# Netflix Download?



## DEC2955 (May 3, 2009)

I have read where the next update to the NETFLIX 'Android' software will allow a user to download a NETFLIX program/movie.

Do you think that the feature could be added to TIVO's in the future?

It would be great if I could have that feature with VUDU purchased movies as you could download them at a slower bit rate but on playback have a 4K movie for playback on a BOLT or HDX 1080p on a Roamio.

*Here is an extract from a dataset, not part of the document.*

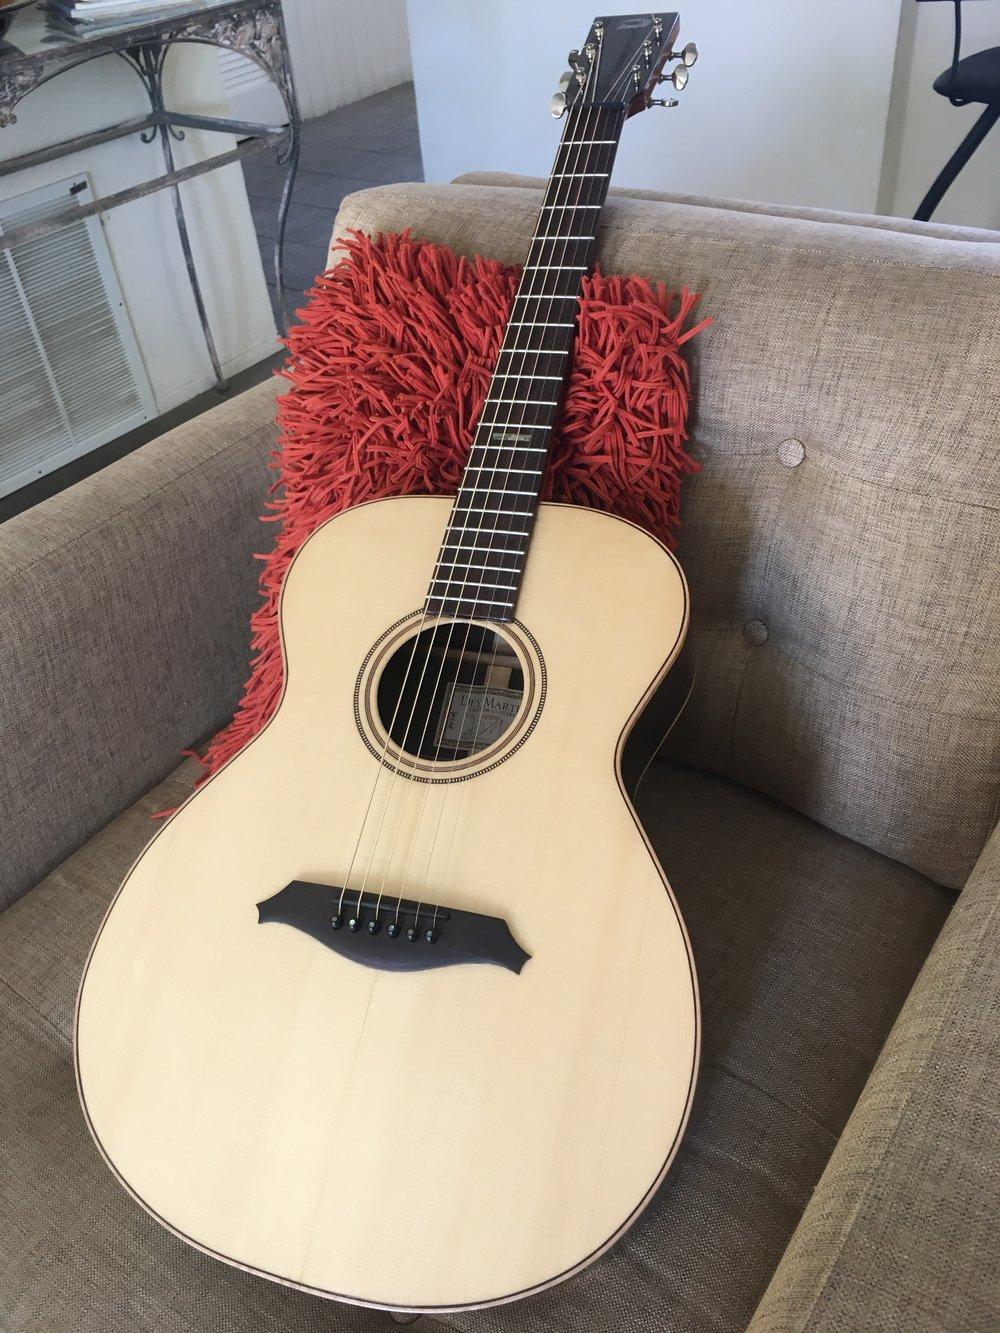 OO Dey Martin guitar

I have a Samsung TV with its 4K movie pac and can download 4K content for later viewing from "FandangoNOW" (formally M-Go).


----------



## mikeyts (Jul 10, 2004)

I doubt that Netflix (or any other service) will offer downloads to TiVo, though it would be very nice. Except for VUDU downloads to PS3 and the aforementioned 4K downloads by FandangoNOW to Vidity storage (currently a Samsung exclusive, AFAICT) services have only been allowing downloads to portable devices so people can watch without network connection. The Vidity thing is a secure storage standard; if it ever really takes off maybe we'll see more download to stationary devices.


----------



## Globular (Jun 9, 2004)

This is live now on Android and iOS:

Netflix says it is finally adding offline playback

I wonder if this has anything to do with the recent TiVo / Netflix agreement?

-Matt


----------



## atmuscarella (Oct 11, 2005)

While I don't have allot of hope it would be nice if Netflix, Amazon, & Vudu updated their Tivo apps to allow for downloads. All 3 services allow downloads on at least mobile (Vudu also allows on PCs) so it is not like they are not allowing downloads at all and for some of us who do not have fast and reliable enough internet to allow UHD it would open up that content.


----------



## astrohip (Jan 7, 2003)

Agree, this would be very nice. Some of us have data-capped cellular for an internet connection, which leaves us staring at the streaming boat as it sails...



Globular said:


> recent TiVo / Netflix agreement


Hmm, I missed this. What agreement?


----------



## mikeyts (Jul 10, 2004)

astrohip said:


> Hmm, I missed this. What agreement?


I found this:


> TiVo will integrate the streaming giant into its set-top boxes. It will include searches across the content catalog and a Netflix button on remote controls.
> 
> A separate agreement between the two companies gives Netflix a license to TiVo's patent portfolios.


Except for the remote control button all of that's already in place.


----------



## astrohip (Jan 7, 2003)

I thought it was something new. I've had Netflix on my boxes for some time.

Thanks.


----------